The Policing and Crime bill, which contained the proposals, is due to receive its first reading today.
But in an interview with The Guardian , home secretary Jacqui Smith said the government would be “stepping back” from the plans for direct elections.
The announcement was met with widespread relief in local government but Andy Sawford, chief executive of the Local Government Information Unit think tank which has campaigned against the proposals, warned against “throwing the baby out with the bathwater”.
“We mustn’t let the debate on governance and accountability go away,” he said. “The government came up with the wrong solution and I’m pleased it’s been dropped.”
The deputy director of New Local Government Network, Anna Turley, said she was pleased the government was looking again at the issue.
"While we are keen to see greater local accountability in policing, these proposals would have dangerously undermined the importance of existing locally elected representatives in tackling crime and protecting the public."
Dr Rick Muir, Senior Research Fellow at the Institute for Public Policy Research, was disappointed the Government had delayed plans to make police authorities more accountable.
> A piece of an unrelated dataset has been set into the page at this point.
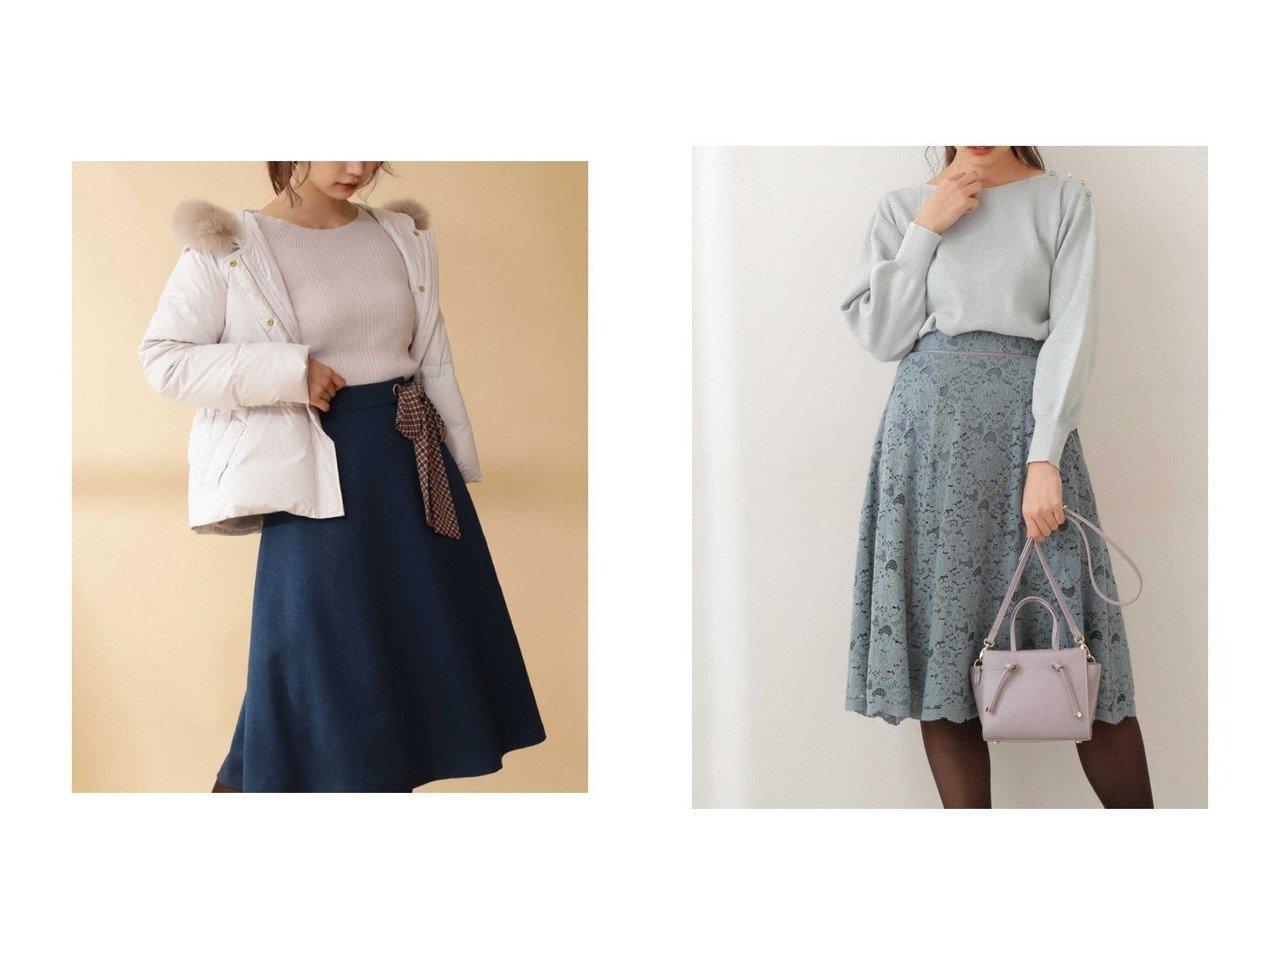 【PROPORTION BODY DRESSING/プロポーション ボディドレッシング】のチェックスカーフ付フレアスカート&ブラッシュレースフレアスカート スカートのおすすめ!人気、トレンド・レディースファッションの通販 おすすめで人気の流行・トレンド、ファッションの通販商品 メンズファッション・キッズファッション・インテリア・家具・レディースファッション・服の通販 founy(ファニー) https://founy.com/ ファッション Fashion レディースファッション WOMEN スカート Skirt Aライン/フレアスカート Flared A-Line Skirts フレア レース 冬 Winter スカーフ チェック ミモレ |ID:crp329100000013675

"There is now a real danger that nothing will be done to make policing more accountable to local people. Having apparently rejected direct elections for police authorities, the Government should act to give local councils a greater say over local policing priorities."
Ms Smith revealed former home secretary David Blunkett will prepare a report on how to achieve consensus within the Labour party on how to make the police more accountable.
However, the report will simply feed into Labour’s next general election manifesto, effectively ruling out any movement in this parliament. Mr Sawford said any possible resulting legislation would be five years away.
The campaign against the proposals was led in recent months by the Local Government Association’s Labour group. Officials within the group attributed the success of their campaign to building a coalition of opposition amongst Labour councillors and MPs as well as police chiefs.